EXERCISE REQUIREMENTS =
Once you find the line that contains "Architektonische Herausforderung", write out that line and every line after it to the end of the records, exactly and with nothing else.

RECORDS FOR THE TASK =

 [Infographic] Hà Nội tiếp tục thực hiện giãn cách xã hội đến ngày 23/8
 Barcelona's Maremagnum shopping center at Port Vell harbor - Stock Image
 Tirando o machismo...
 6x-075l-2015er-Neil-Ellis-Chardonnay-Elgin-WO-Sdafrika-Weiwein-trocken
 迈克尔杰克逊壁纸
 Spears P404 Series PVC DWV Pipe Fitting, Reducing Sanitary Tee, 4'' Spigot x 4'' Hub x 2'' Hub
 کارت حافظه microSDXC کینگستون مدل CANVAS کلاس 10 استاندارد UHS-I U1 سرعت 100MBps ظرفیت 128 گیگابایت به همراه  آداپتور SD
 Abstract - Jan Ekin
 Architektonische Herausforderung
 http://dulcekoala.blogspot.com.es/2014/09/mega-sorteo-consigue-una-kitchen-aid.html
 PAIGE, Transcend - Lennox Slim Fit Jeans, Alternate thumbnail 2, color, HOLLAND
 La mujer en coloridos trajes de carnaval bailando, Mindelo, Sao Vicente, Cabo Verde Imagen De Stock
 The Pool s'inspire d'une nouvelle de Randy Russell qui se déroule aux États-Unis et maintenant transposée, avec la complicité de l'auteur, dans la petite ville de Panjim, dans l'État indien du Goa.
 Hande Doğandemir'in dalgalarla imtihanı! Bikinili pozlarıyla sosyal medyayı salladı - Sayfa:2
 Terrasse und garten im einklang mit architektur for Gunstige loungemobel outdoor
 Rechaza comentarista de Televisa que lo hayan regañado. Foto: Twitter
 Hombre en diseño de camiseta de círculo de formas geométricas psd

RESULT =
 Architektonische Herausforderung
 http://dulcekoala.blogspot.com.es/2014/09/mega-sorteo-consigue-una-kitchen-aid.html
 PAIGE, Transcend - Lennox Slim Fit Jeans, Alternate thumbnail 2, color, HOLLAND
 La mujer en coloridos trajes de carnaval bailando, Mindelo, Sao Vicente, Cabo Verde Imagen De Stock
 The Pool s'inspire d'une nouvelle de Randy Russell qui se déroule aux États-Unis et maintenant transposée, avec la complicité de l'auteur, dans la petite ville de Panjim, dans l'État indien du Goa.
 Hande Doğandemir'in dalgalarla imtihanı! Bikinili pozlarıyla sosyal medyayı salladı - Sayfa:2
 Terrasse und garten im einklang mit architektur for Gunstige loungemobel outdoor
 Rechaza comentarista de Televisa que lo hayan regañado. Foto: Twitter
 Hombre en diseño de camiseta de círculo de formas geométricas psd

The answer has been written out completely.